7.2 This Agreement shall be governed by and construed under the laws of the State of Maryland, without giving effect to conflicts of laws principles thereof that would result in the application of any Requirement of Law of any other jurisdiction. Each of Guarantor and Lender hereby irrevocably and unconditionally:

(a) submits to the exclusive jurisdiction of the State and Federal courts in the State of Maryland; provided that nothing in this Agreement shall be deemed to operate to preclude Lender from bringing suit or taking other legal action in any other jurisdiction to realize on the Collateral or any other security for the Obligations, or to enforce a judgment or other court order in favor of Lender or Guarantor, as the case may be

(b) expressly submits and consents in advance to such jurisdiction in any action or suit commenced in any such court described in clause (a) above;

(c) waives any objection that it may have based upon lack of personal jurisdiction, improper venue or forum non conveniens and hereby consents to the granting of such legal or equitable relief as is deemed appropriate by any such court described in clause (a);

(d) waives personal service of the summons, complaints and other process issued in such action or suit described above in this Section 7.2 and agrees that service of such summons, complaints and other process may be made by registered or certified mail addressed to Guarantor, at the addresses set forth on the signature page hereto and that service so made shall be deemed completed upon the earlier to occur of Guarantor’s actual receipt thereof or three (3) days after deposit in the U.S. mails, proper postage prepaid; and

(e) TO THE EXTENT PERMITTED BY APPLICABLE LAW, GUARANTOR AND LENDER EACH WAIVE THEIR RIGHT TO A JURY TRIAL OF ANY CLAIM OR CAUSE OF ACTION ARISING OUT OF OR BASED UPON THIS AGREEMENT, THE OTHER LOAN DOCUMENTS OR ANY CONTEMPLATED TRANSACTION, INCLUDING CONTRACT, TORT, BREACH OF DUTY AND ALL OTHER CLAIMS. THIS WAIVER IS A MATERIAL INDUCEMENT FOR BOTH PARTIES TO ENTER INTO THIS AGREEMENT. EACH PARTY HAS REVIEWED THIS WAIVER WITH ITS COUNSEL.

 

10


This Section 7.2 shall survive the termination of this Agreement.

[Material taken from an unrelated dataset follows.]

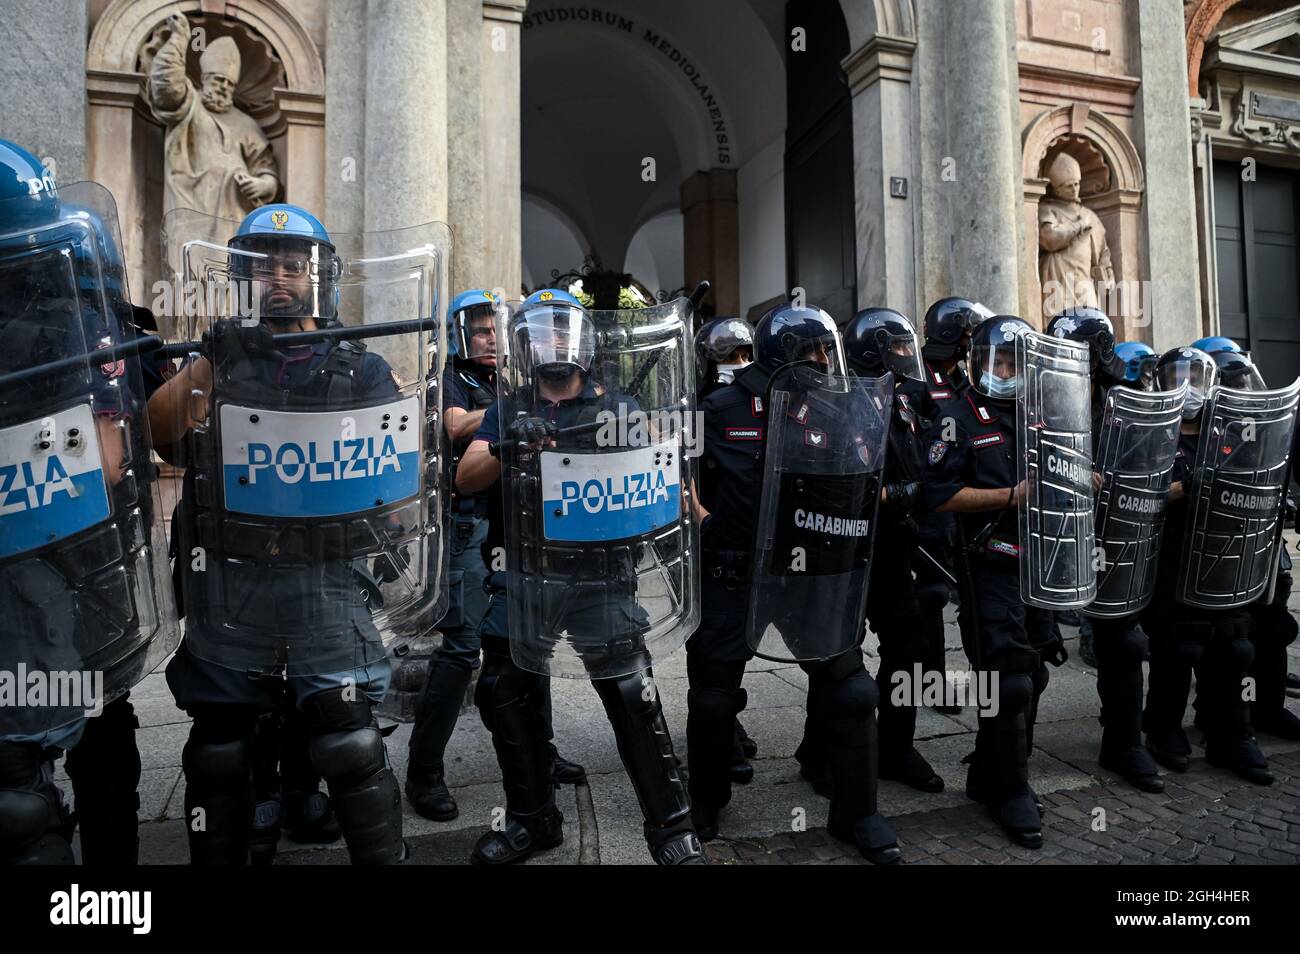 Mailand, Italien - 5. September 2021: Italienische Polizeibeamte in voller Krawallausrüstung während eines Protestes gegen den obligatorischen Gesundheitsausweis Stockfoto
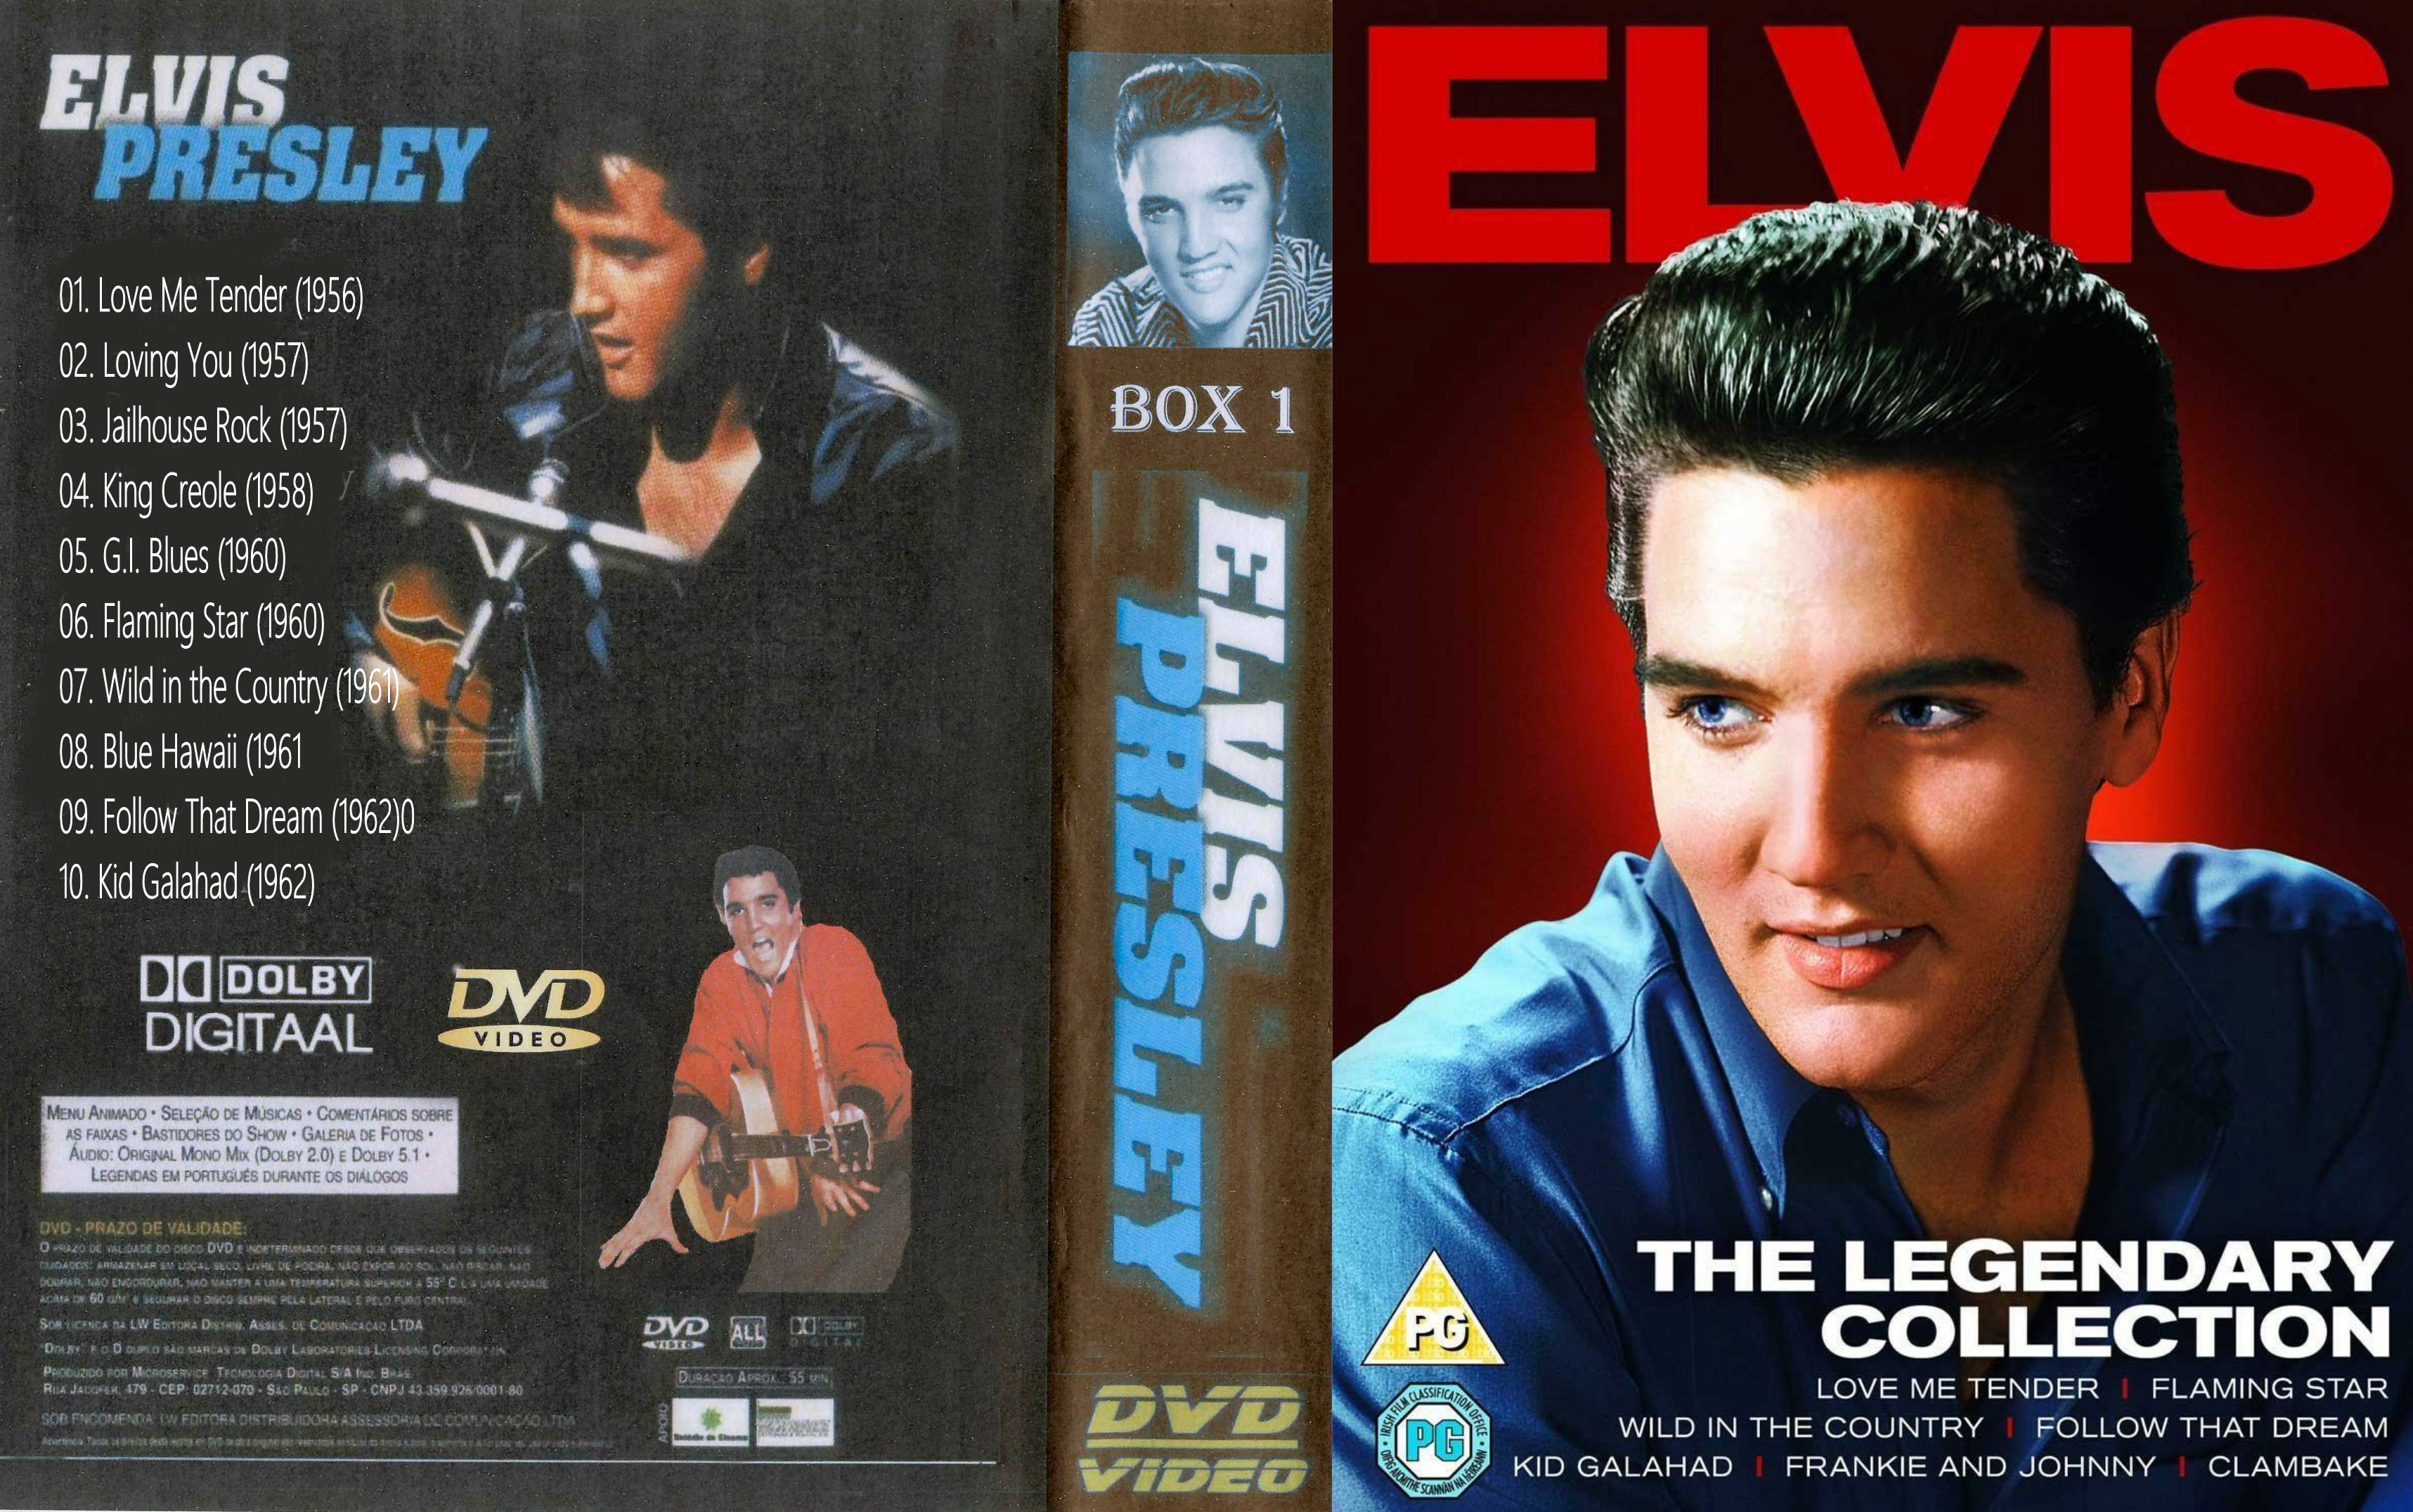 REPOST Elvis Presley Collectie ( 07 - Wild in the Country ) DvD 7 van 31

7.3 This Agreement may be executed in counterpart signature pages, all of which taken together shall be deemed to be one original of this instrument. Delivery of an executed counterpart to this Agreement by facsimile or electronic mail shall be effective as a manually executed counterpart to this Agreement.

7.4 Lender hereby notifies the Guarantor that pursuant to the requirements of the Patriot Act it is required to obtain, verify and record information that identifies each Guarantor, which information includes the name and address of each Guarantor and other information that will allow Lender to identify such Guarantor in accordance with the Patriot Act, and each Guarantor agrees to provide, or cause each Material Subsidiary to provide, such information from time to time to Lender. As required by federal regulation, the Loan is contingent upon satisfactory verification of identity of the signatories.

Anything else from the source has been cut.